START DATASET SECTION
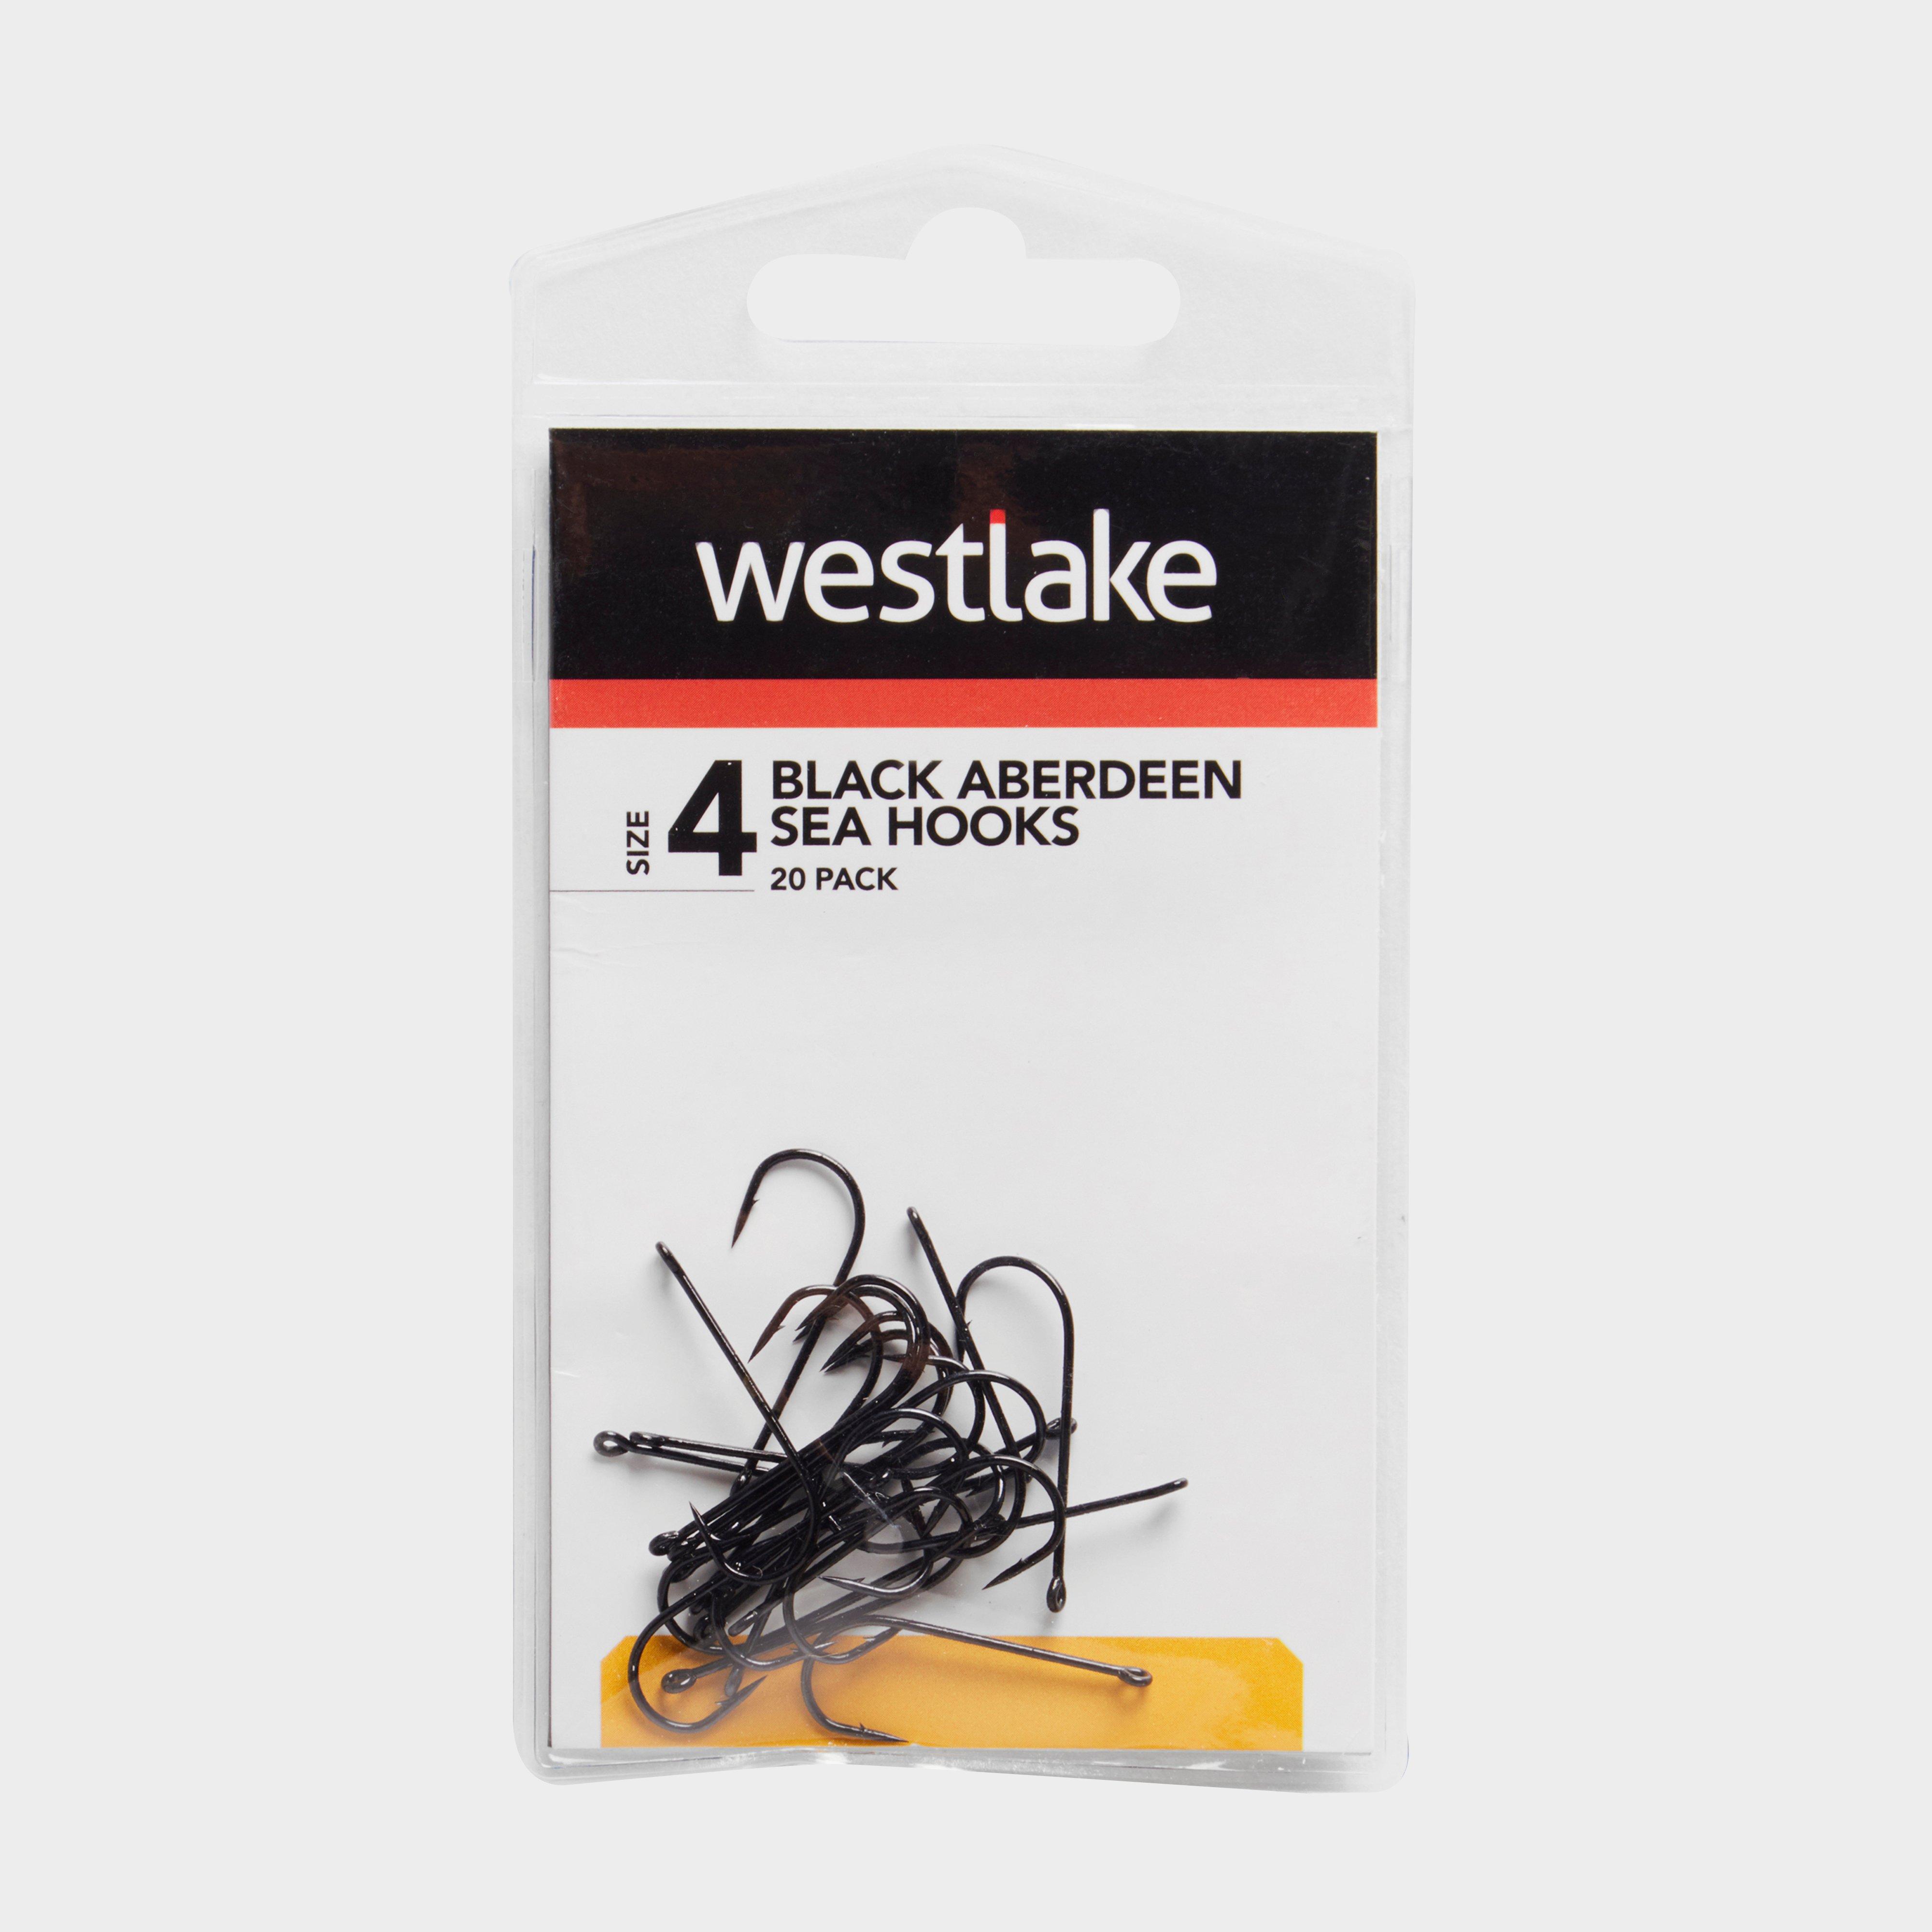 Westlake Black Aberdeen 20 Pack Size 4
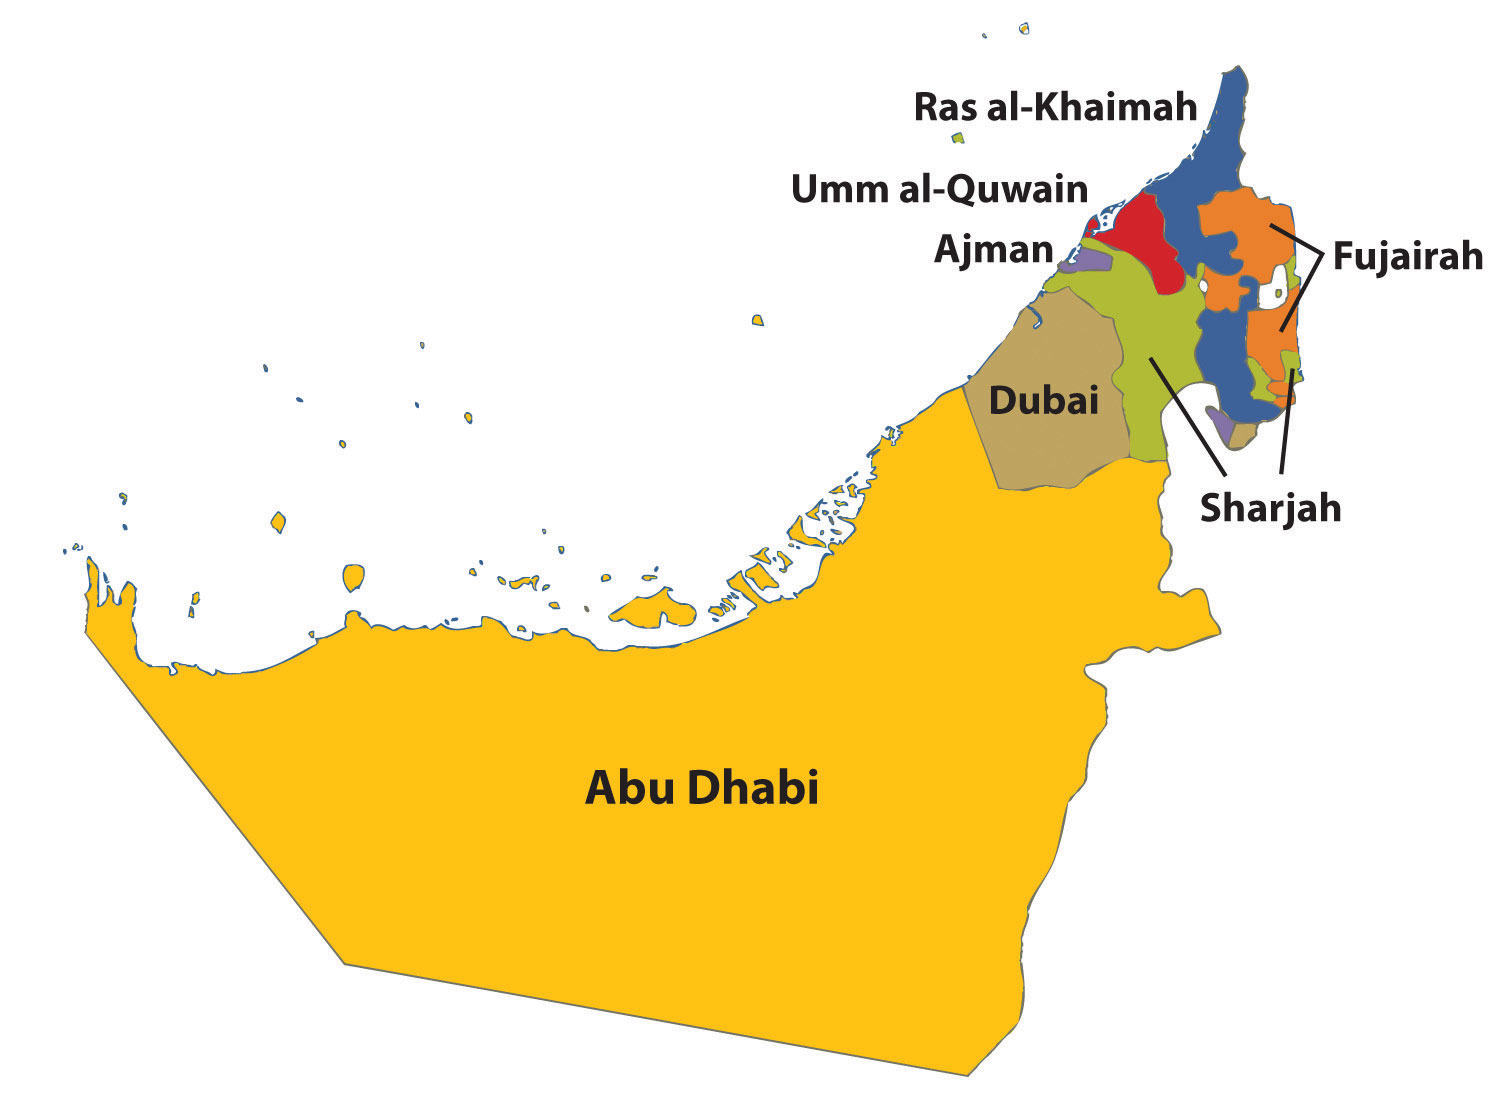 uae: United Arab Emirates
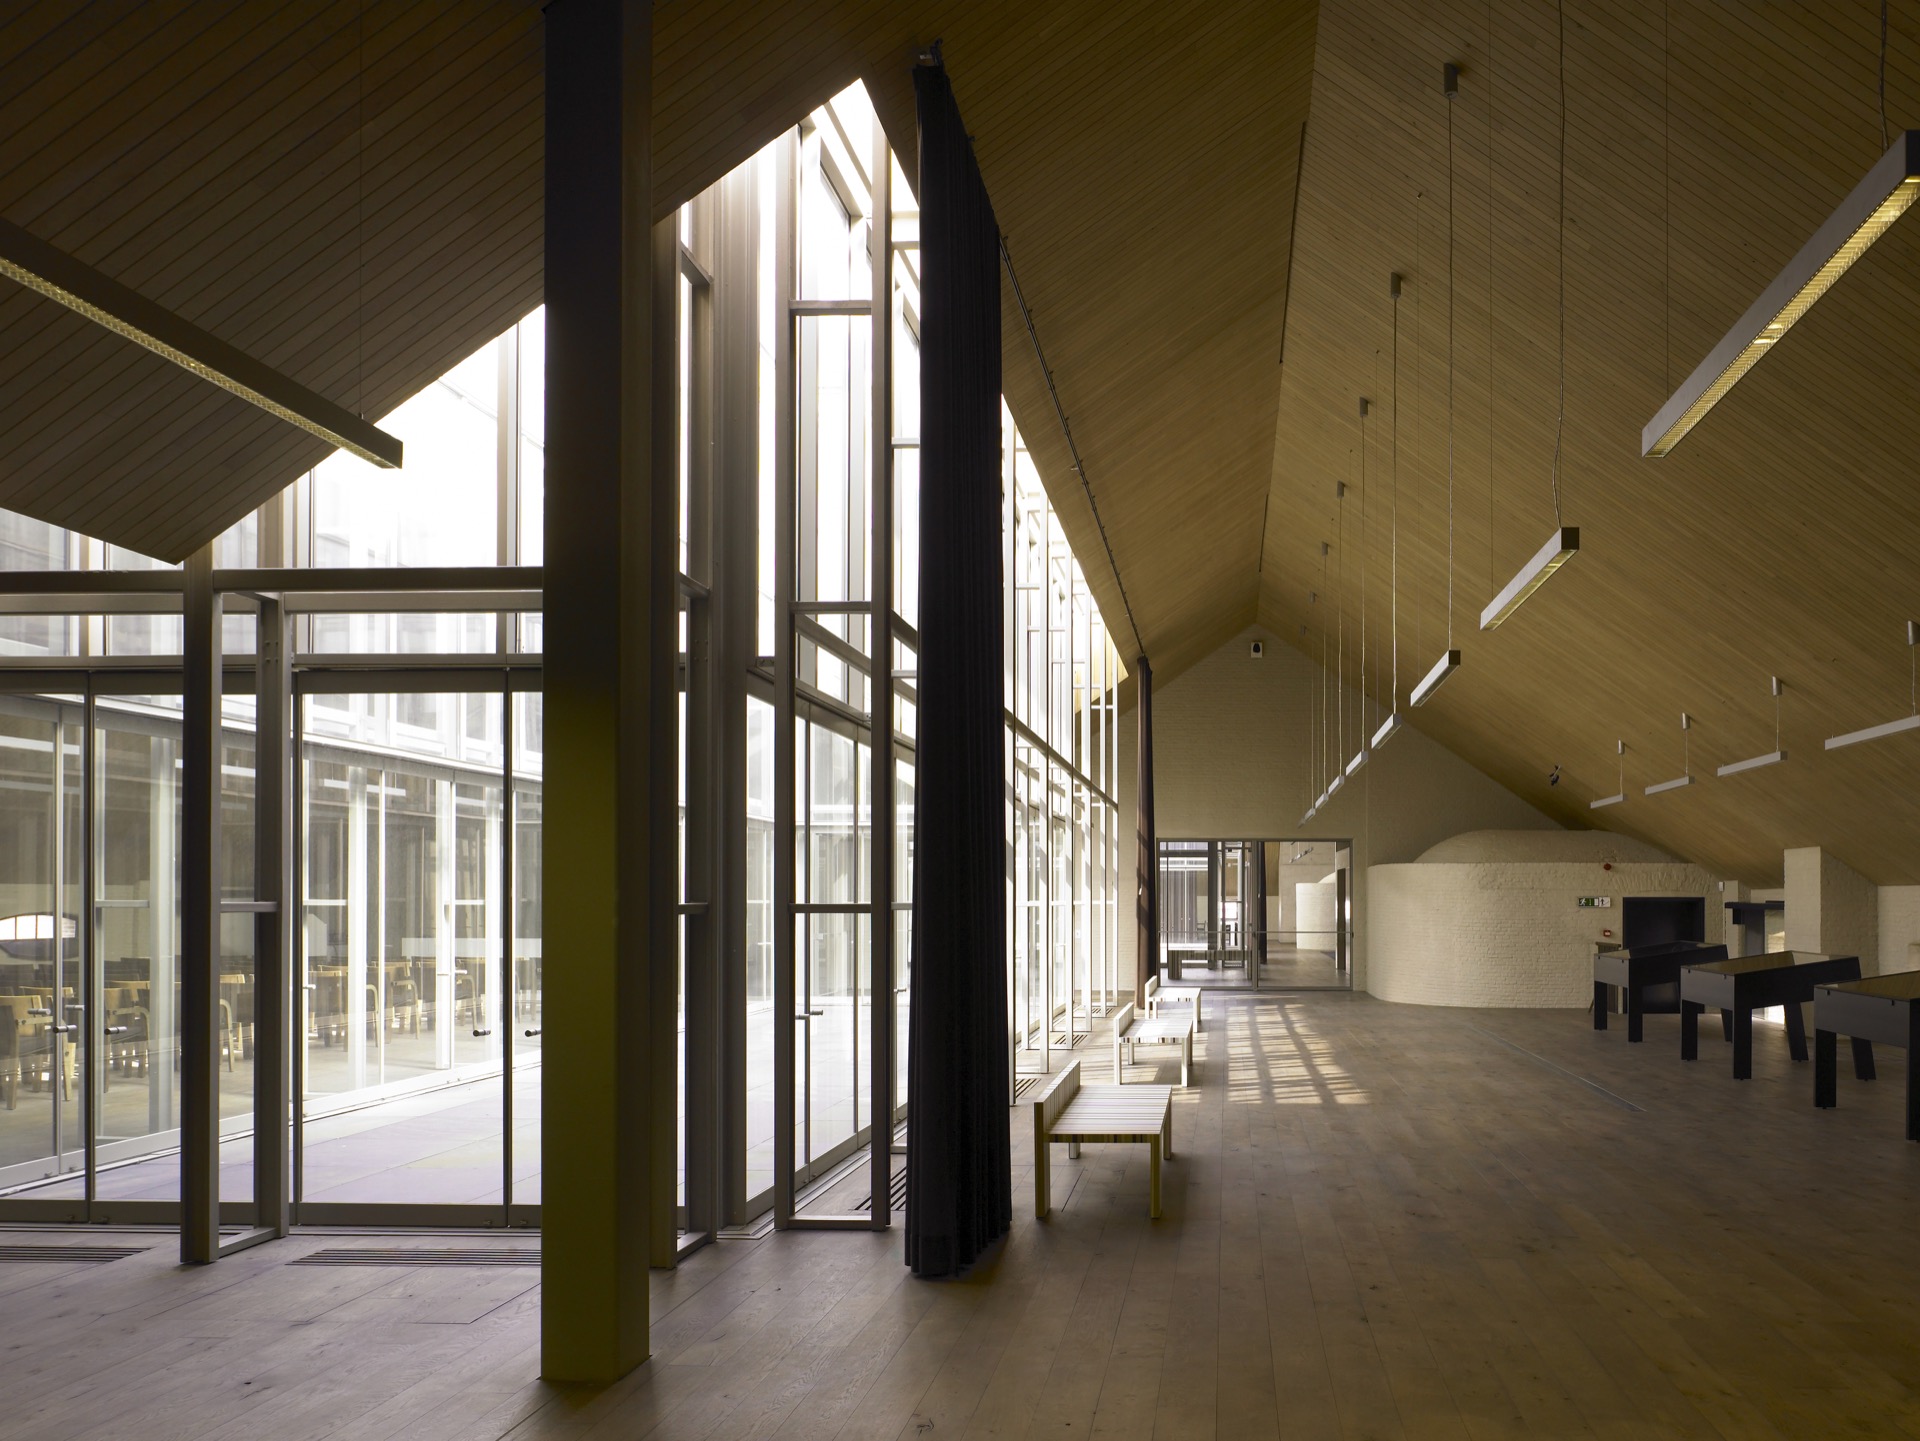 St Felix Pakhuis Antwerpen library building architecture design interior view
END DATASET SECTION
YOUR GOAL:
Send back the listing exactly as it stands. Do not include the pictures.

SOLUTION TO THE PROBLEM:
 Westlake Black Aberdeen 20 Pack Size 4
 uae: United Arab Emirates
 St Felix Pakhuis Antwerpen library building architecture design interior view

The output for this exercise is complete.